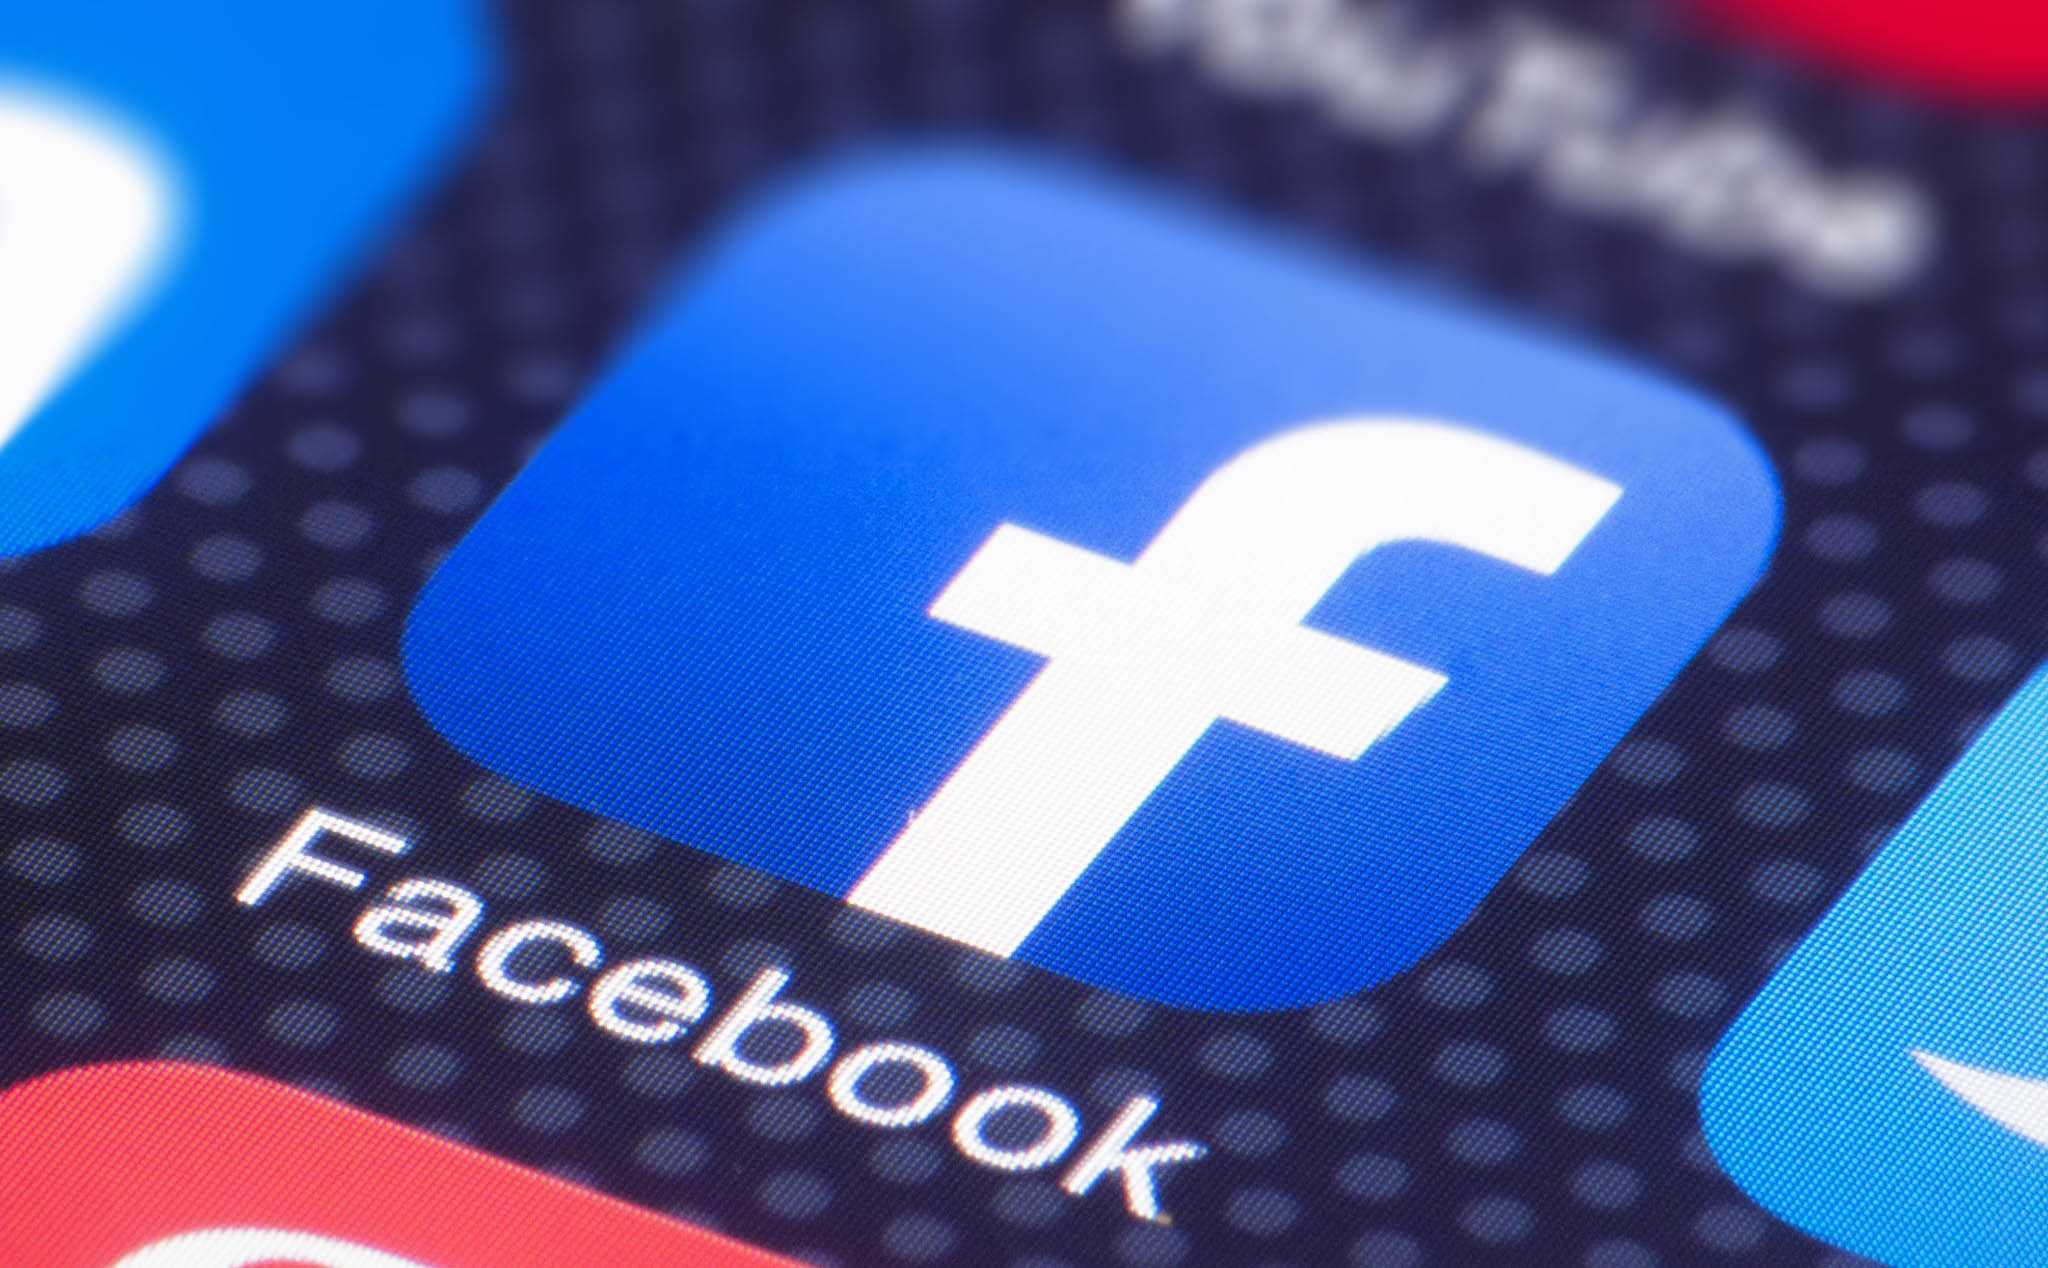 Centra: Công cụ theo dõi người dùng đáng sợ của Facebook, không một ai thoát được?
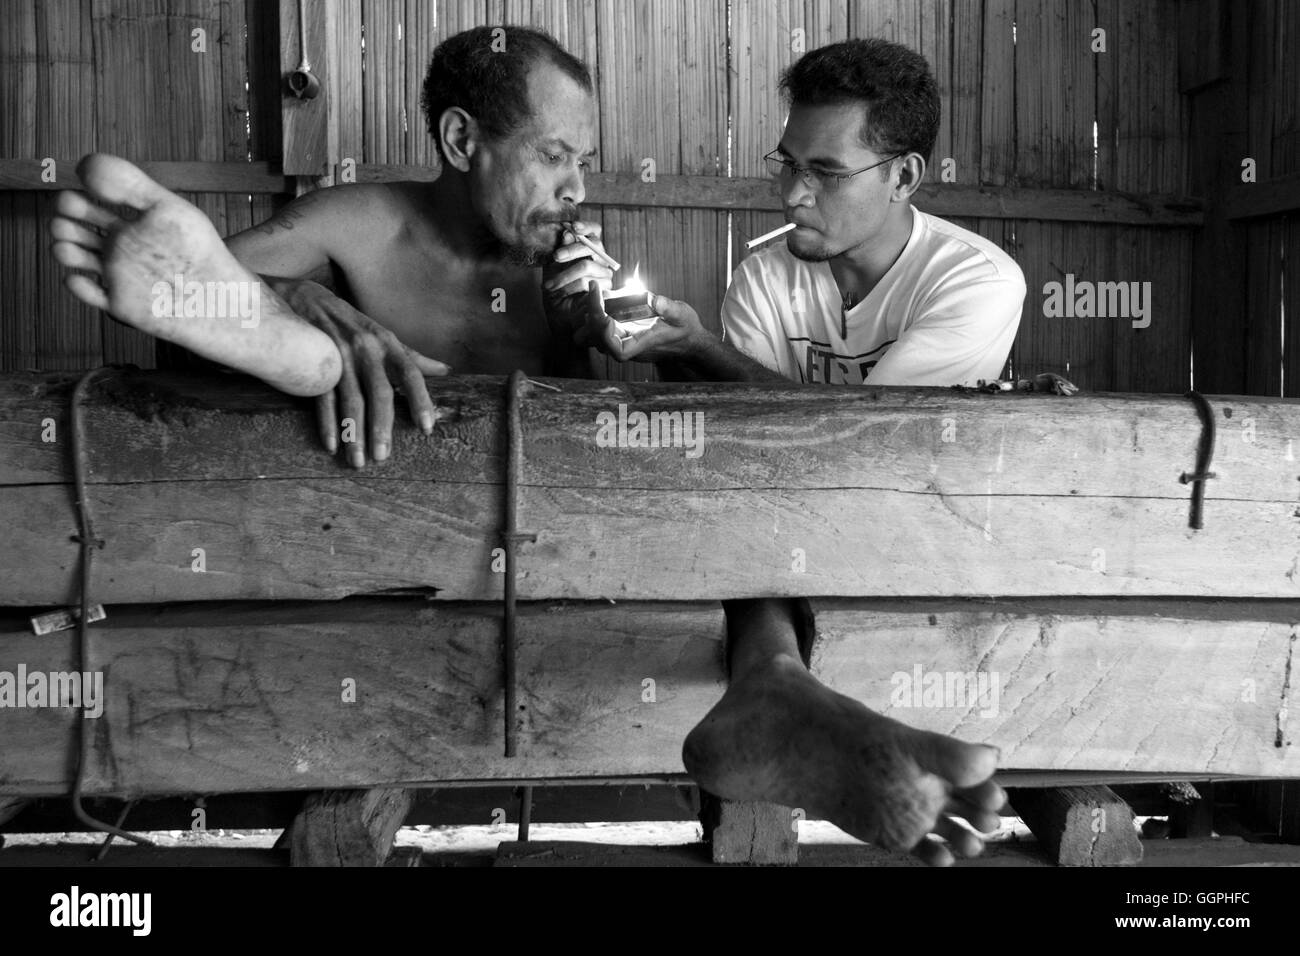 Vater Aventinus Saur zündet sich eine Zigarette für Deo Gracias Kolobanus Abri. Abri ist ein psychisch kranker Mann, der zu einem Strahl in seiner Heimat seit 1997 gefesselt wurde. Die Familie der Abri sperrte ihn in Aktien nach begann er Angriff auf Nachbarn und Durchgangsverkehr. Vater Saur läuft eine Gruppe, die kümmert sich um und bringt Trost für die Opfer und Familien von psychisch leidenden. Laut Human Rights Watch gibt es mindestens 18.800 Menschen derzeit in Indonesien wegen Geisteskrankheit gefesselt wird. Familienmitglieder sagen Verwandten sind gefesselt oder angekettet, um sie daran zu hindern, Schaden sich selbst. Auch Stockfoto
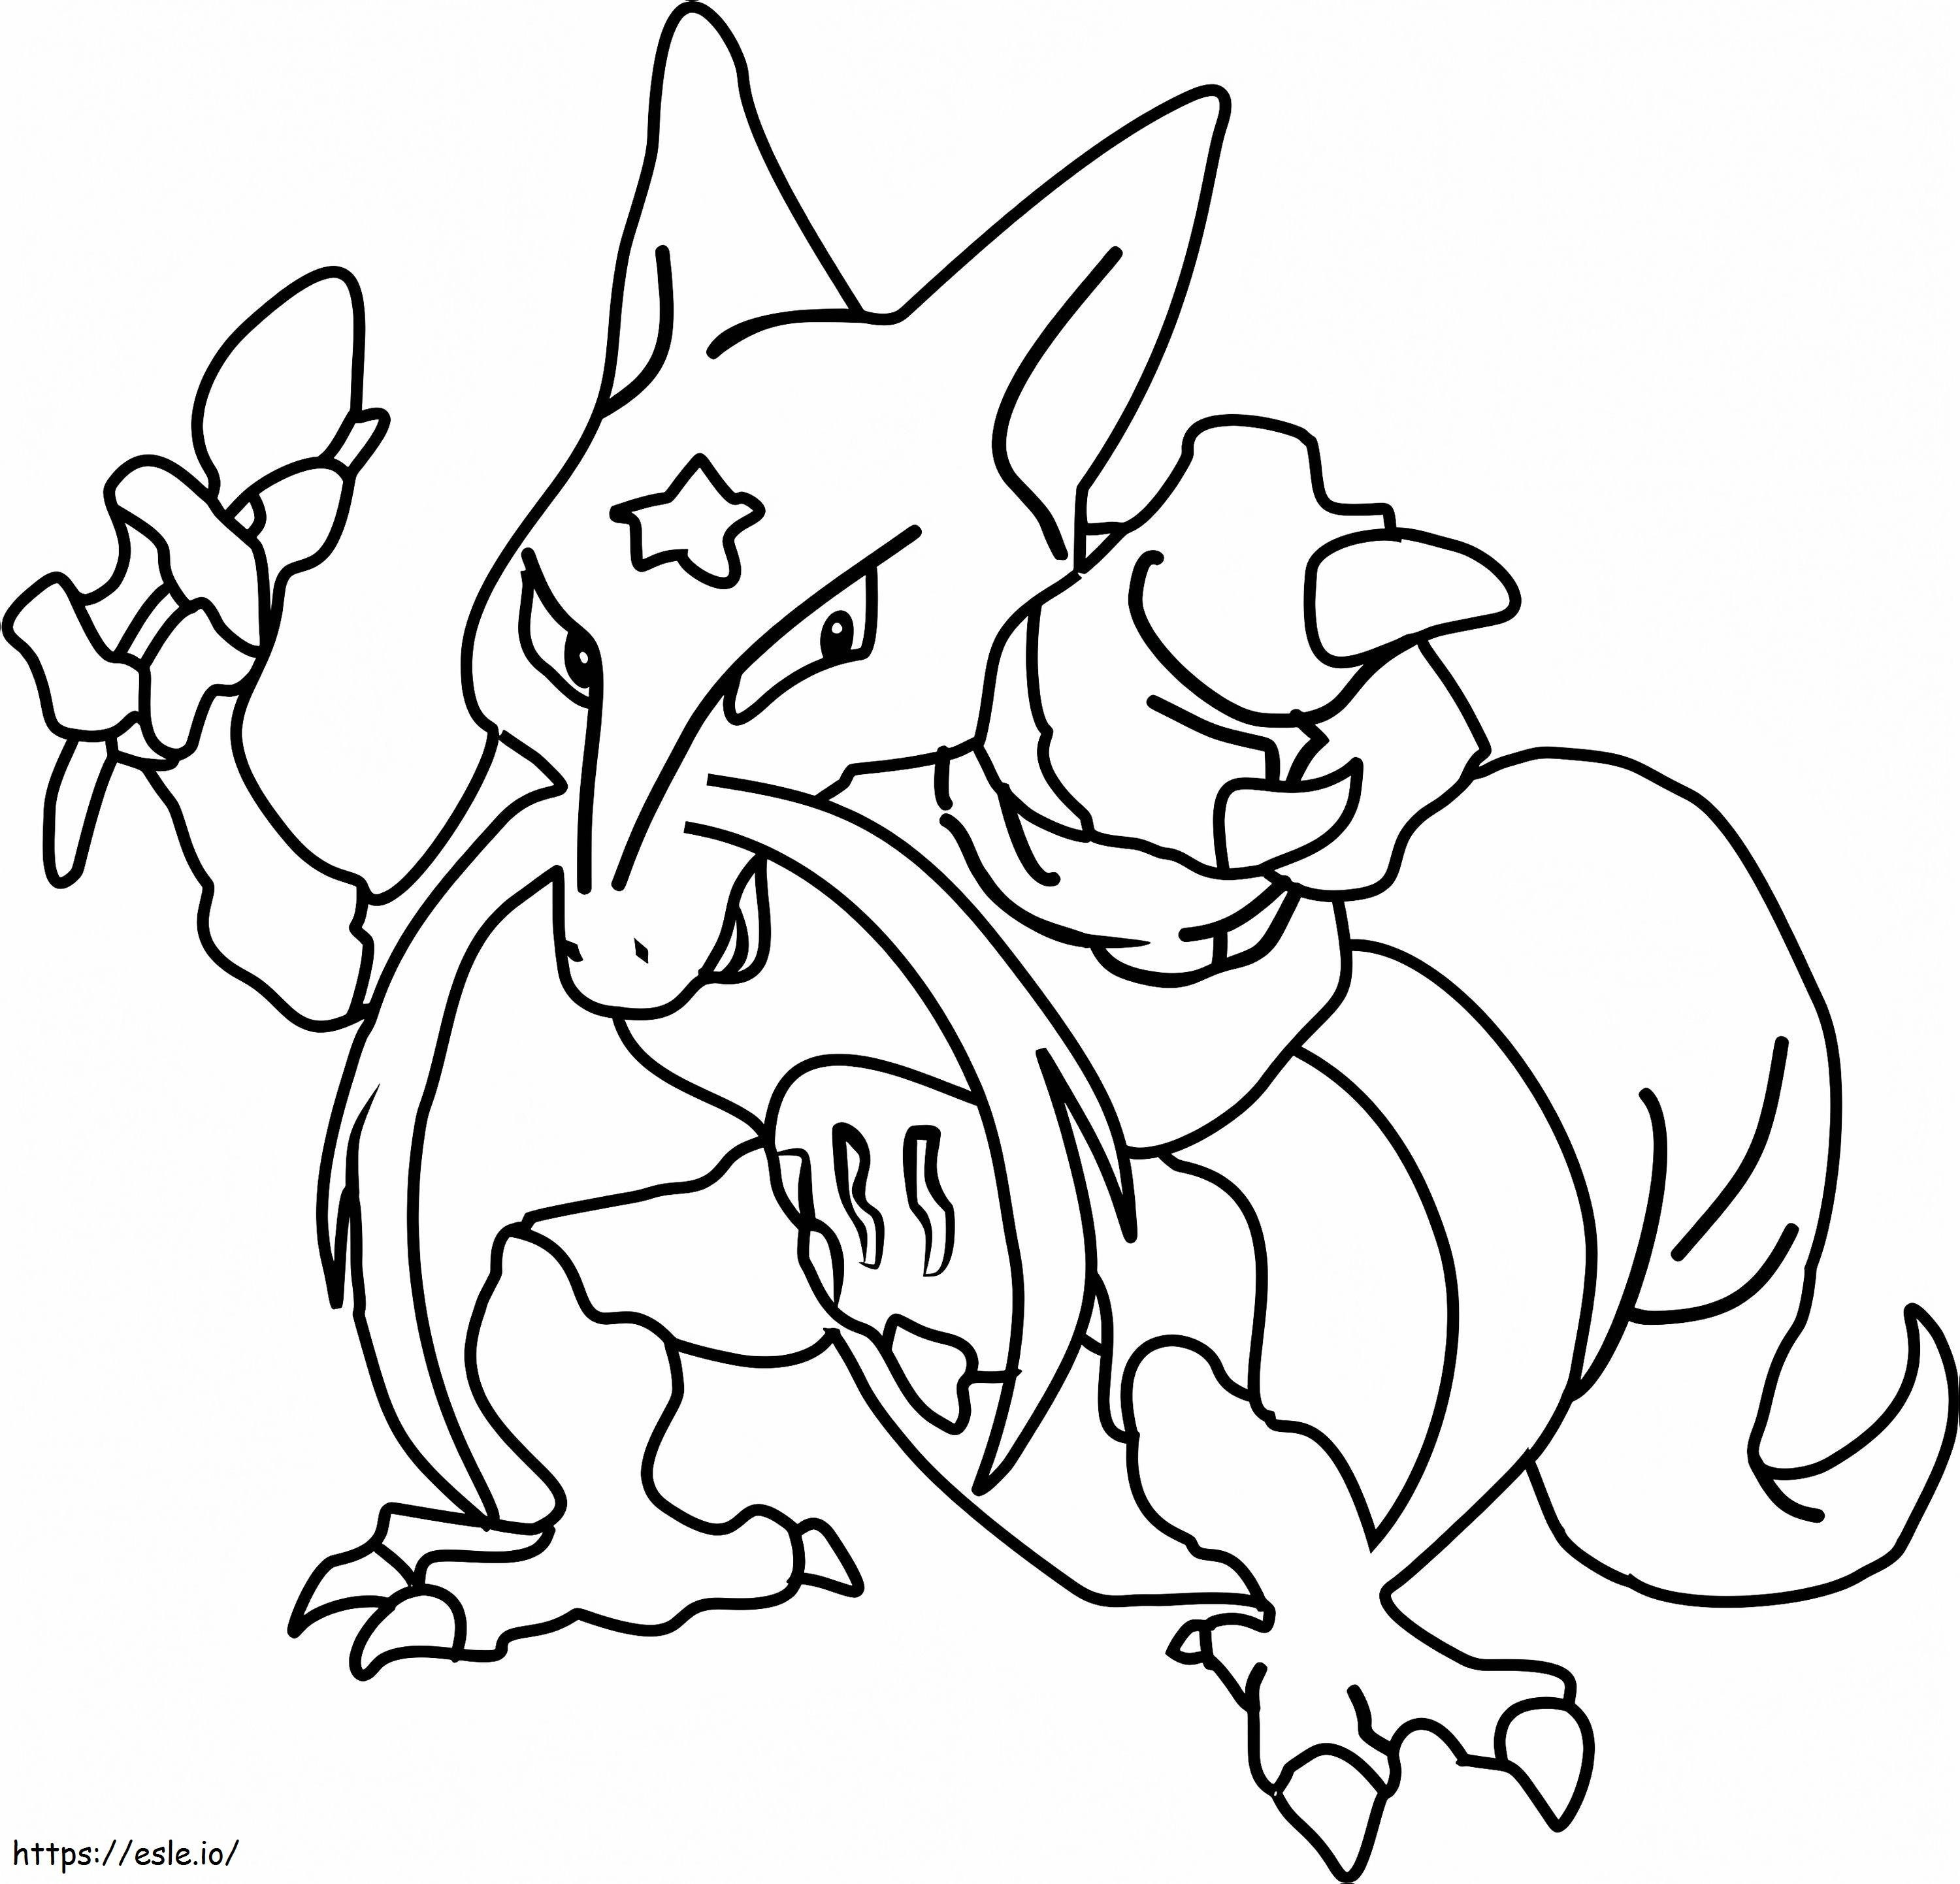 Coloriage 1530498873 Pokémon Kadabra1 à imprimer dessin

**ABOUT THIS EXERCISE**
Exact repetition of the data is needed, with no images retained.

**EXPECTED ANSWER**
 Centra: Công cụ theo dõi người dùng đáng sợ của Facebook, không một ai thoát được?
 Vater Aventinus Saur zündet sich eine Zigarette für Deo Gracias Kolobanus Abri. Abri ist ein psychisch kranker Mann, der zu einem Strahl in seiner Heimat seit 1997 gefesselt wurde. Die Familie der Abri sperrte ihn in Aktien nach begann er Angriff auf Nachbarn und Durchgangsverkehr. Vater Saur läuft eine Gruppe, die kümmert sich um und bringt Trost für die Opfer und Familien von psychisch leidenden. Laut Human Rights Watch gibt es mindestens 18.800 Menschen derzeit in Indonesien wegen Geisteskrankheit gefesselt wird. Familienmitglieder sagen Verwandten sind gefesselt oder angekettet, um sie daran zu hindern, Schaden sich selbst. Auch Stockfoto
 Coloriage 1530498873 Pokémon Kadabra1 à imprimer dessin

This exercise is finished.